Tal é o meu Amado, e tal é o meu Amigo,
Ó filhas de Jerusalém.
É interessante comparar a descrição que a esposa faz do Esposo com as descrições do “Ancião de Dias” em Daniel 7:9-10, e do nosso SENHOR ressuscitado em Apocalipse 1:13-16. As diferenças são muito características.
Em Daniel 7 vemos o Ancião de Dias assentado no trono do juízo; a sua roupa era branca como a neve, e o cabelo de sua cabeça como pura lã; o seu trono e as suas rodas eram fogo ardente, e um rio de fogo manava e saía de diante dele. O Filho do Homem foi trazido diante dele, e dele recebeu domínio, e glória, e um reino eterno que não será destruído. Em Apocalipse 1 vemos o próprio Filho do Homem vestido com uma túnica que chegava até os pés, e a sua cabeça e os seus cabelos eram brancos como a lã, brancos como a neve; mas a esposa vê o seu Esposo em todo o vigor da juventude, com cabelos “crespos, e negros como o corvo.” Os olhos do SALVADOR ressuscitado são descritos como “chama de fogo,” mas a sua esposa os vê “como pombas junto aos ribeiros de águas.” Em Apocalipse, “a sua voz é como a voz de muitas águas. . .e da sua boca saía uma espada afiada de dois gumes.” Para a esposa, os seus lábios são como lírios, gotejando mirra líquida, e a sua boca doríssima. O semblante do SALVADOR ressuscitado era “como o sol quando brilha na sua força,” e o efeito da visão sobre João—“quando o vi, caí a seus pés como morto”—não foi diferente do efeito da visão dada a Saulo quando se aproximava de Damasco. Mas, para a sua esposa, “o seu aspecto é como o Líbano, excelente como os cedros.” O LEÃO da tribo de Judá é, para a sua própria esposa, o REI do amor; e, de coração cheio e rosto radiante, ela de tal modo reconta as suas belezas que as filhas de Jerusalém são tomadas de forte desejo de buscá-lo com ela, para que também elas contemplem a sua beleza.

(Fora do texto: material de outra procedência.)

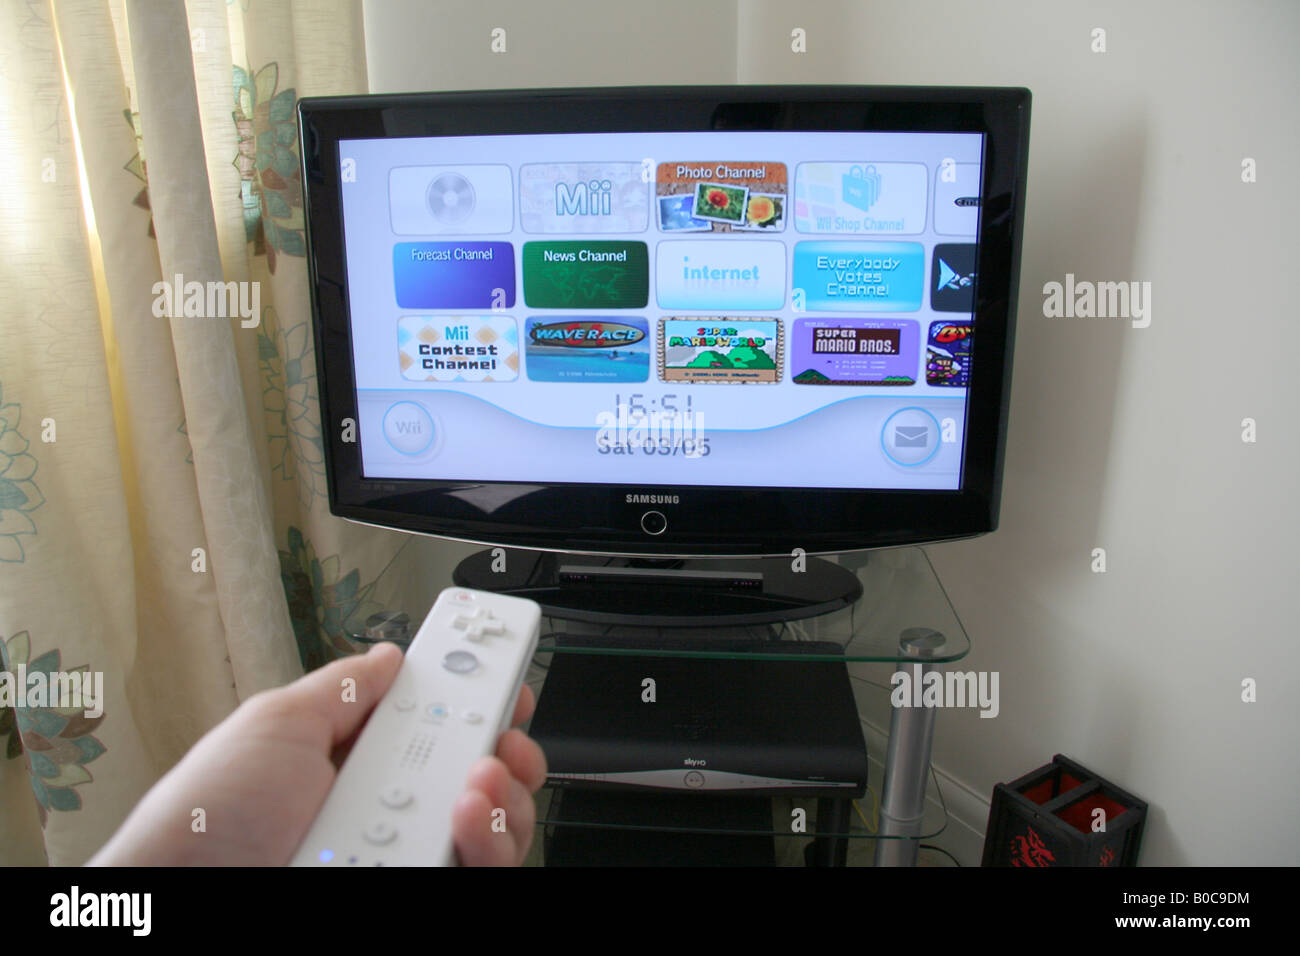 Hand Holding Nintendo wii controller pointing at the TV Stock Photo - Alamy

Para onde foi o teu Amado,
Ó tu, a mais formosa entre as mulheres?
Para onde se virou o teu Amado,
Para que o busquemos contigo?
A esposa responde:—
O meu Amado desceu ao seu jardim, aos canteiros de especiarias,
Para apascentar nos jardins, e para colher lírios.

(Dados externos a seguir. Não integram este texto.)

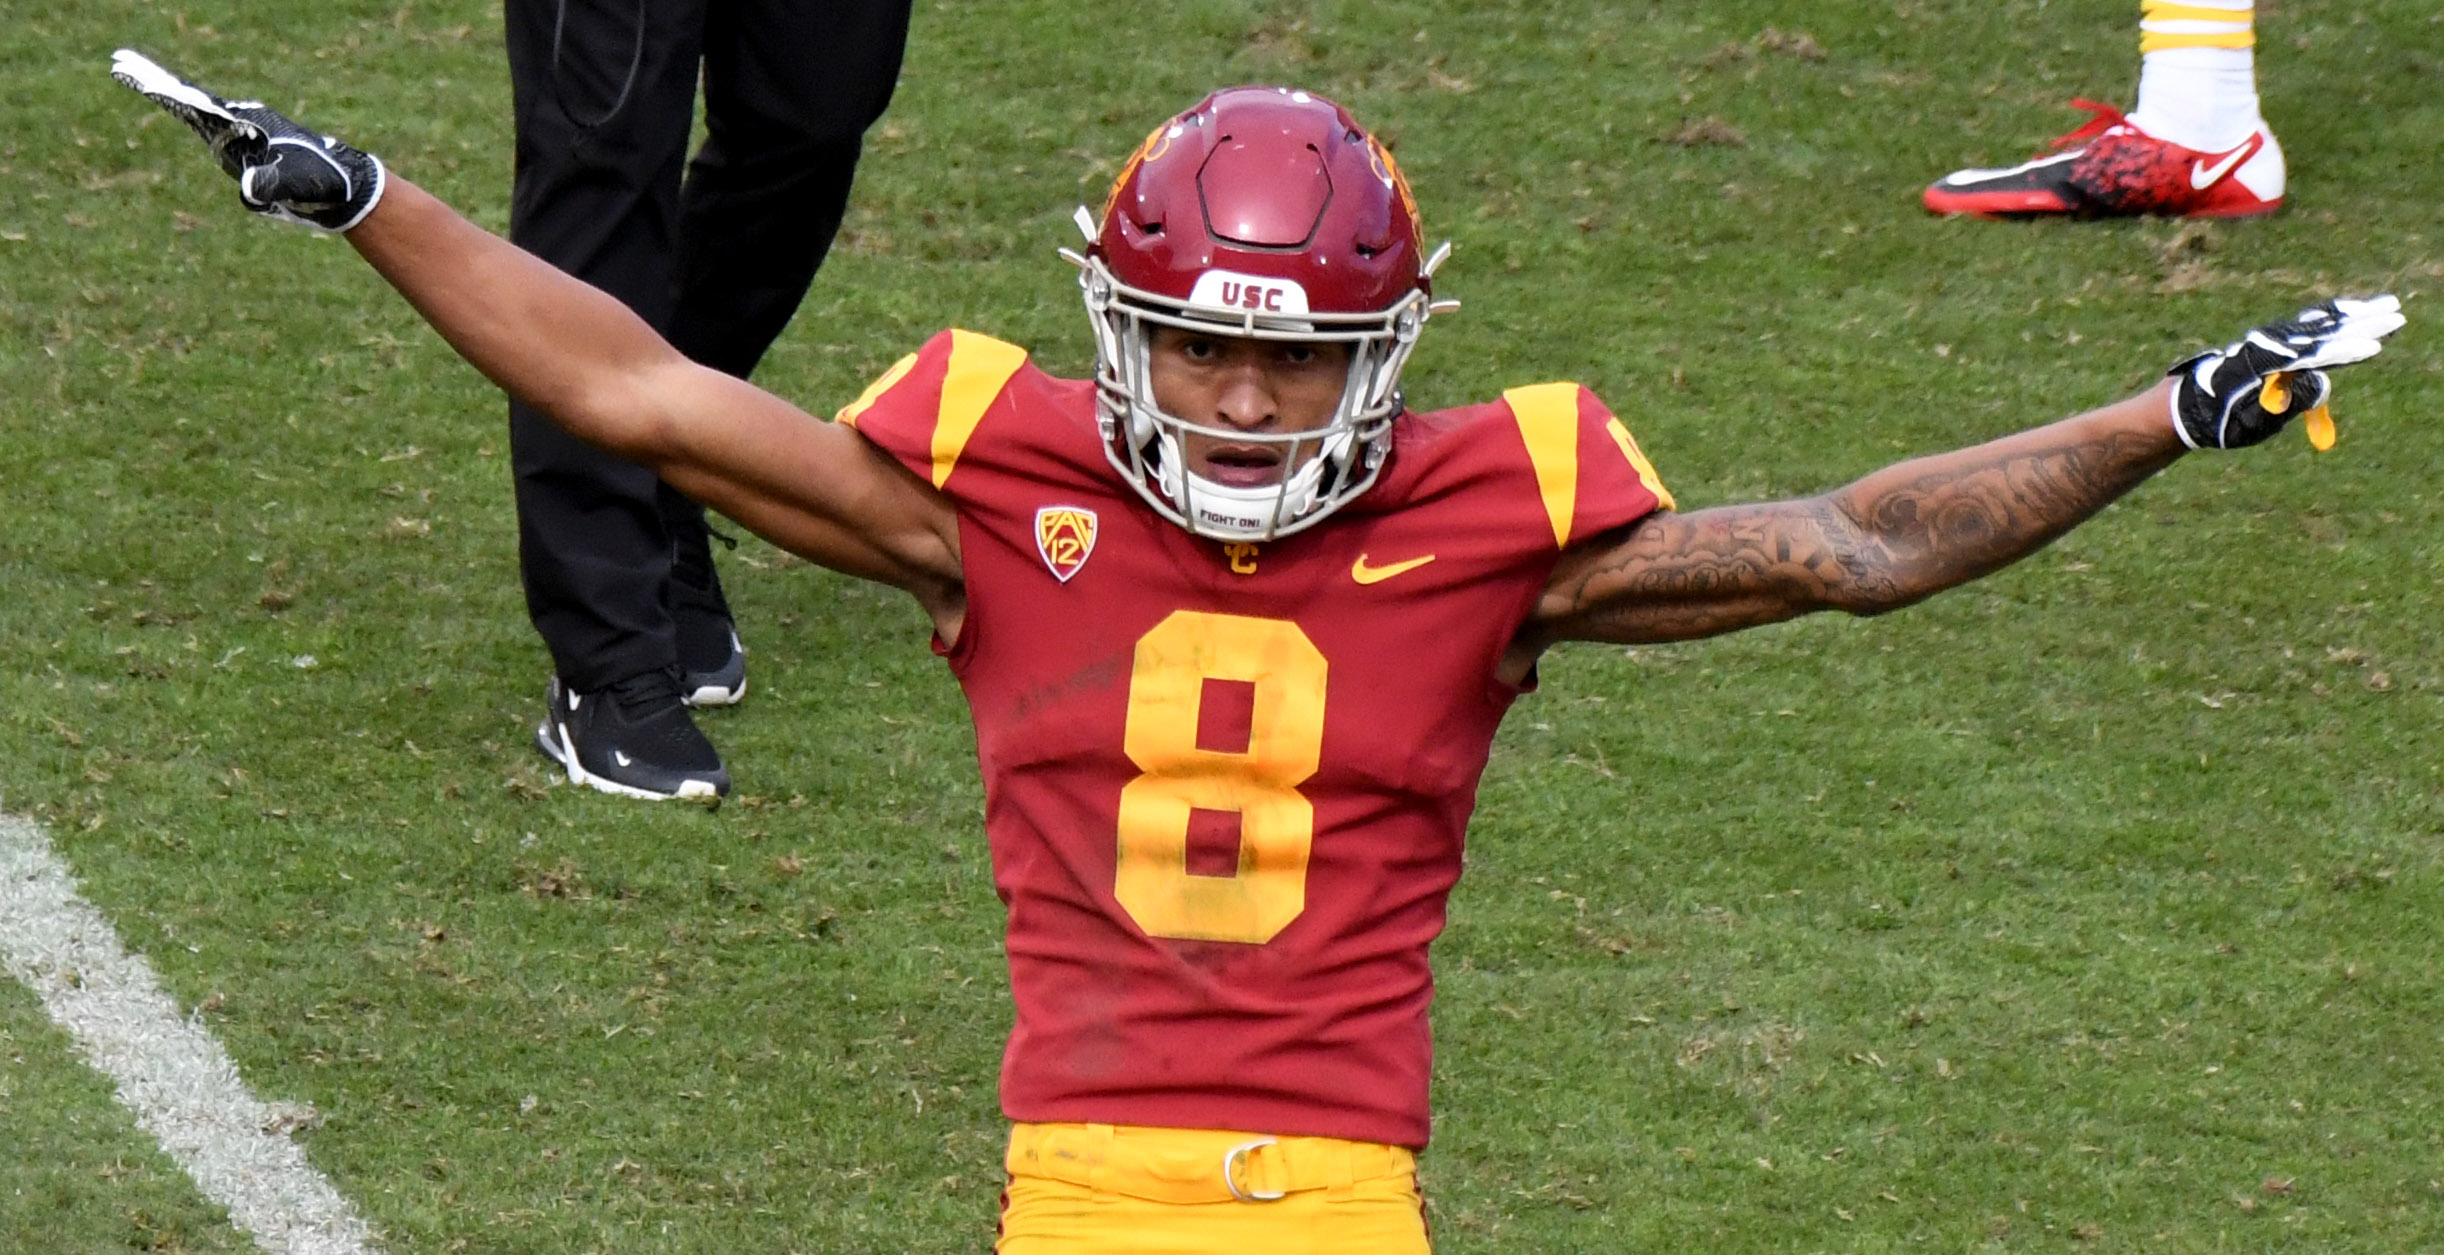 USC Trojans defeated the Arizona State Sun Devils 28-27 during a NCAA Football game.

Eu sou do meu Amado, e o meu Amado é meu:
Ele apascenta o seu rebanho entre os lírios.
Por mais abandonada e desolada que possa parecer, ela ainda se reconhece como o objeto das afeições dele, e o reivindica como seu. Esta expressão, “Eu sou do meu Amado, e o meu Amado é meu,” é semelhante à que se encontra no segundo capítulo, “O meu Amado é meu, e eu sou dele”; e, todavia, com diferença notável. Então o seu primeiro pensamento de CRISTO era o do seu direito sobre ele: o direito dele sobre ela era secundário. Agora ela pensa primeiro no direito dele; e só depois menciona o seu próprio. Vemos um desenvolvimento ainda maior da graça no capítulo 7:10, onde a esposa, perdendo de vista por completo o seu próprio direito, diz:—
Eu sou do meu Amado,
E o seu desejo se volta para mim.
Mal proferiu ela estas palavras e se reconheceu como legítima possessão dele—um direito que ela praticamente repudiara quando o manteve trancado do lado de fora—eis que o seu próprio Esposo aparece; e, sem palavra alguma de reproche, mas no mais terno amor, diz-lhe quão formosa ela é aos olhos dele, e proclama o seu louvor às filhas de Jerusalém.
A ela, ele diz:—
Formosa és tu, ó minha amada, como Tirza,
(a formosa cidade de Samaria,)
Aprazível como Jerusalém,
(a gloriosa cidade do grande Rei,)
Terrível (ou antes, esplêndida) como um exército com bandeiras.
Desvia de mim os teus olhos,
Porque eles me venceram. (Ver vv. 4-7).
Então, voltando-se para as filhas de Jerusalém, ele exclama:—
Há sessenta rainhas, e oitenta concubinas,
E donzelas sem número.
A minha pomba, a minha perfeita, é única;
Ela é a única de sua mãe;
Ela é a preferida daquela que a deu à luz.
As filhas a viram, e a chamaram bem-aventurada;
Sim, as rainhas e as concubinas, e a louvaram, dizendo,
Quem é esta que aparece como a alva,
Formosa como a lua,
Pura como o sol,
Esplêndida como um exército com bandeiras?
Assim se encerra a seção com a comunhão plenamente restaurada; a esposa reinstalada e abertamente reconhecida pelo Esposo como a sua própria companheira e amiga sem igual. A dolorosa experiência pela qual a esposa passou esteve repleta de bem duradouro, e não temos nenhuma outra indicação de comunhão interrompida, mas, nas seções restantes, apenas alegria e fecundidade.